_Collected data_.
--

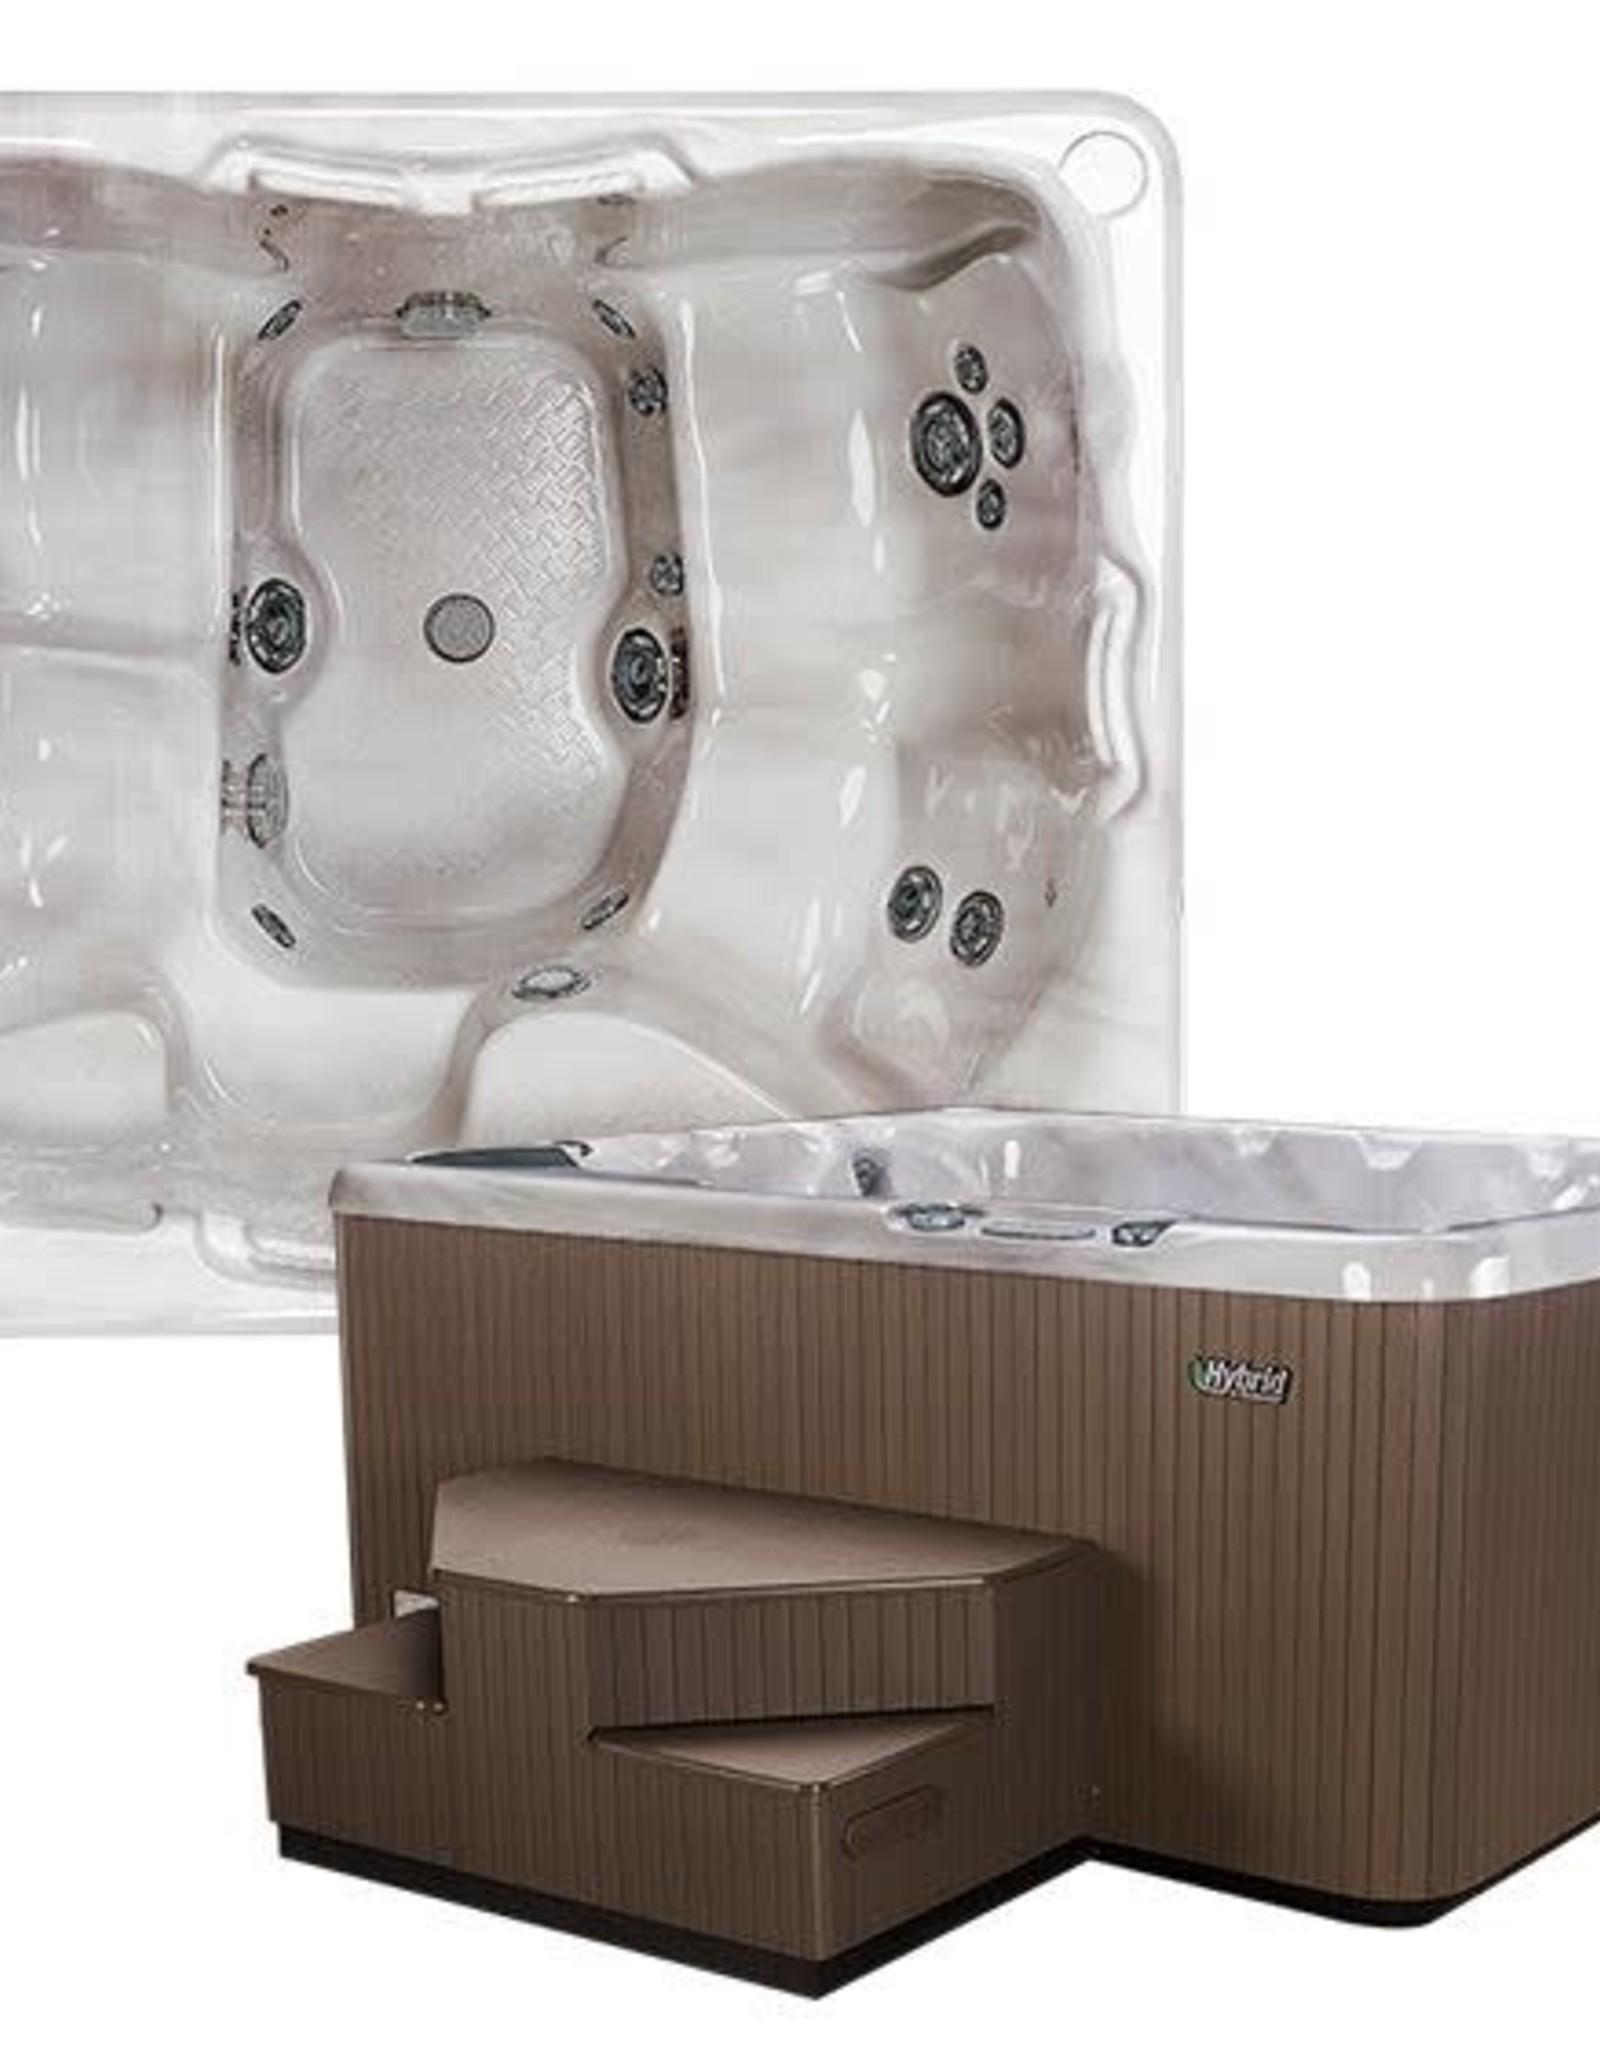 BEACHCOMBER BEACHCOMBER -MODEL 530 HYBRID4® QS
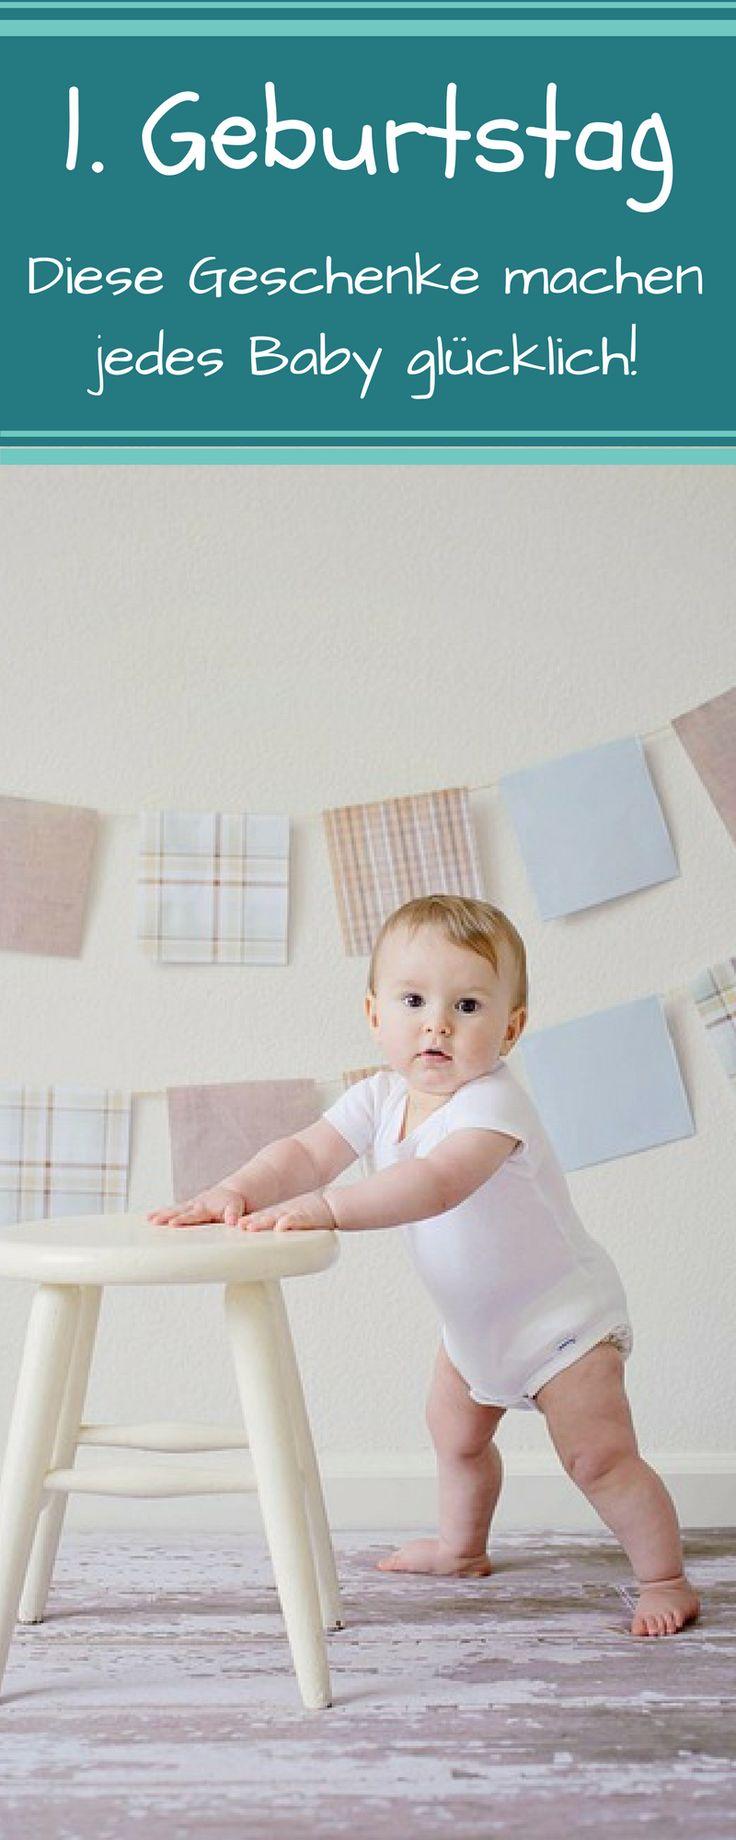 38 best 1. Geburtstag images on Pinterest | Baby geburtstag, Baby ...
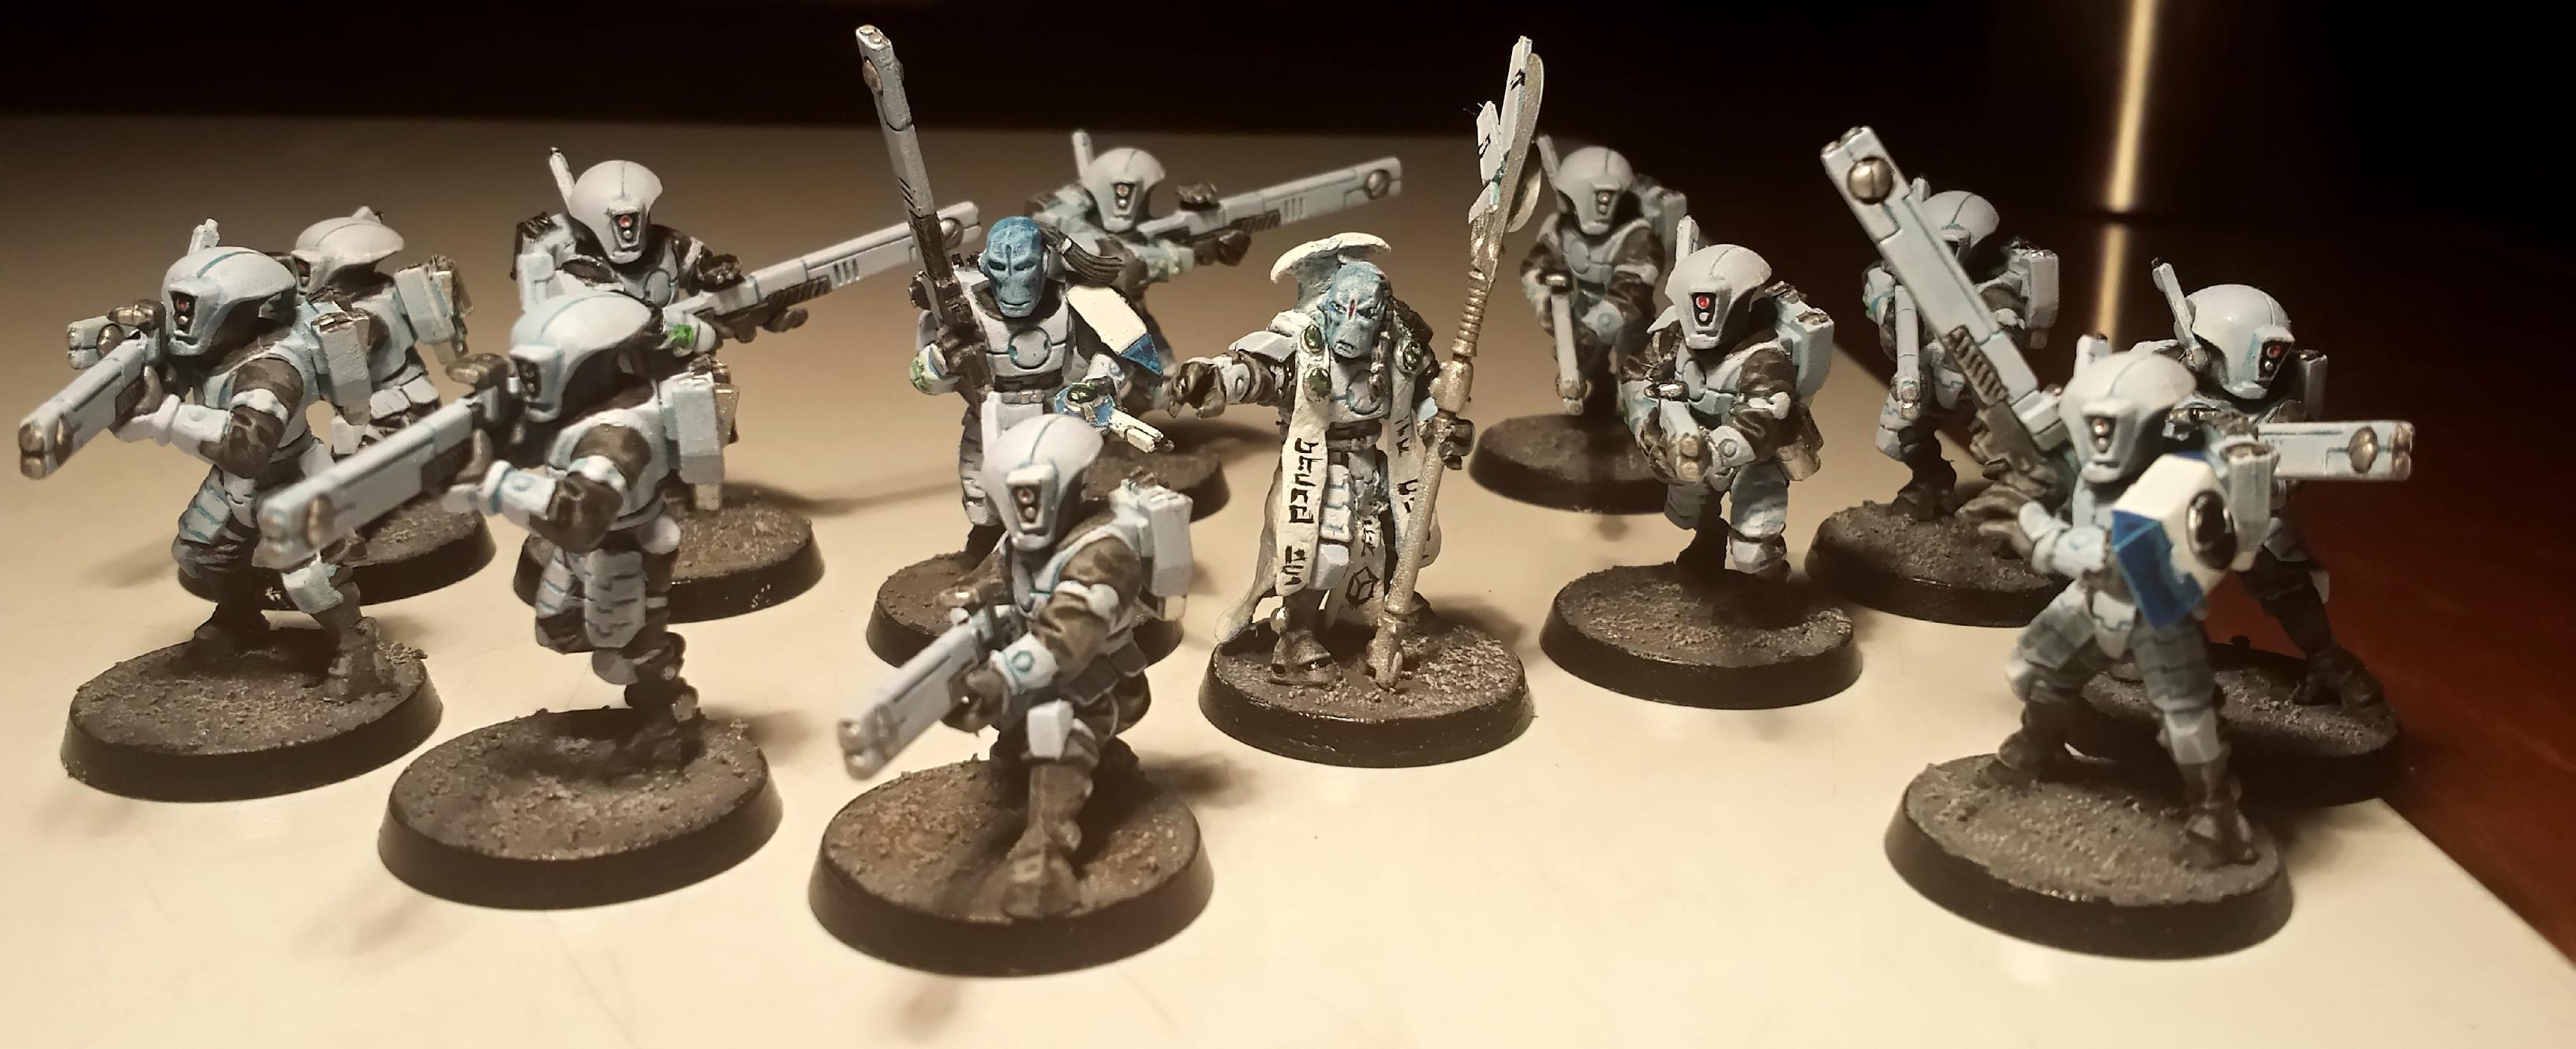 Fire Warriors, Tau, Firewarriors

--

_About this task_. Leaving every picture out, output the data exactly as it stands.

_The answer_.
 BEACHCOMBER BEACHCOMBER -MODEL 530 HYBRID4® QS
 38 best 1. Geburtstag images on Pinterest | Baby geburtstag, Baby ...
 Fire Warriors, Tau, Firewarriors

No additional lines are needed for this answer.